I believe that beauty is a very fast instinctual response. It’s a very inspiring response. From our basic motivations to live and survive to our need for experiences of awe and pleasure, and a sense of aspiration of what might be perfect in the world. Beauty draws us in.

We CAN’T STOP looking or listening or touching or thinking about the beautiful. And it takes us outside of ourselves and it motivates us.



BorderWars

Seems like the old liberal/feminist double standard. A man who is attracted only to “beautiful” women is immature and to be avoided… but a man who is attracted to another man must be protected. Burn the former for caving to their preferences, they are evil and sexist. As for the latter, taste is innate and biological and above reproach.
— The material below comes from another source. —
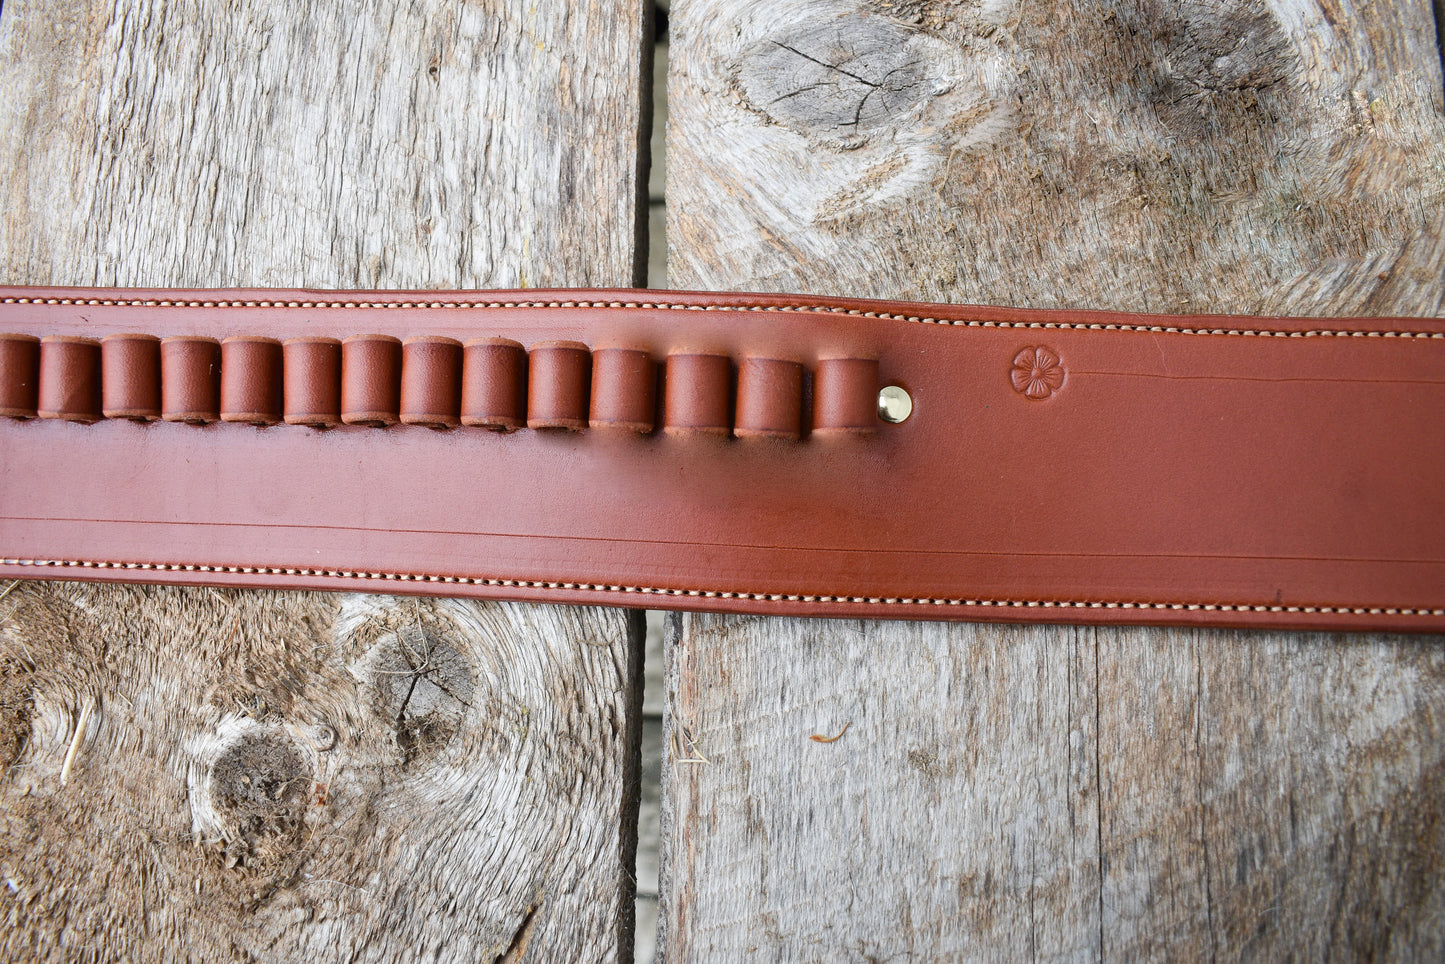 La ceinture de cartouche en cuir Thamesville Marauder, la ceinture de cartouche occidentale avec un seul étui Fast Draw, doublée

And as for “feminine beauty” I’m not sure it has anything to do with men at all. I think the majority of it is done by women, for women, and what men like is mostly irrelevant.



GoneWithTheWind

I didn’t notice who the authour of the story was but while reading it thought it was so far off base it had to be a woman. I find it interesting that liking even lusting after T&A is somehow shallow but lusting after a pretty face is “sensitive and intelligent”. I truely believe that the problem women have with a man’s interest in T&A is that the women feel insecure in that area. All women, mothers, sisters, girlfriends, ex’s, etc. want to choose a man’s wife for them. After all we men are shallow and can’t take our eyes off the T&A and ignore a woman’s inner beauty don’tcha know. In my humble opinion whenever any woman offers her advice to a man about who they should date or marry it is exactly the same thing as when the Democrats tell the Republicans what they need to do to get elected. It is pure unadulterated BS and usually the exact opposite of good advice. My advice to all the younger men I have known (I’m 70, too late for me to take my own advice) is to marry the woman you fall in love with. It really doesn’t matter if it’s her T&A you love or her face, her cooking or her bedroom technique. If a man loves a woman he should go for it and not look back. Will it work out? I mean in the traditional sense that someday you celebrate your 50th anniversery with her? Who knows and who can know. Long marriages are usualy about two people willng to stick it out no matter what. Love is very different. It may last a year or ten years. It may be tumultuous or serene. It may all go bad one day. But it will still be better then marrying somene you like and who your mother thinks is right for you.



Maggie's Farm

Saturday morning links…

Image via Theo Europe’s Proposed Circumcision Ban What I’m reading: The Feud That Sparked the Renaissance: How Brunelleschi and Ghiberti Changed the Art World Thanks for sending it, pal Sorry Ladies, You Can’t Even Begin To Have It Al…



herbork

Come, come… Hemingway wrote to Max Perkins that much of the hostility to the depiction of women in his novels was based on, essentially, the unattractiveness of the critics themselves. “They cannot believe such girls exist.”

Hemingway was an alpha-plus male genius without even trying, and he played around when he was married. So mentioning only his wives begs the question.

And, in a personal aside, anybody who mentions Richard Yates and Ernest Hemingway in the same breathe is no critic at all.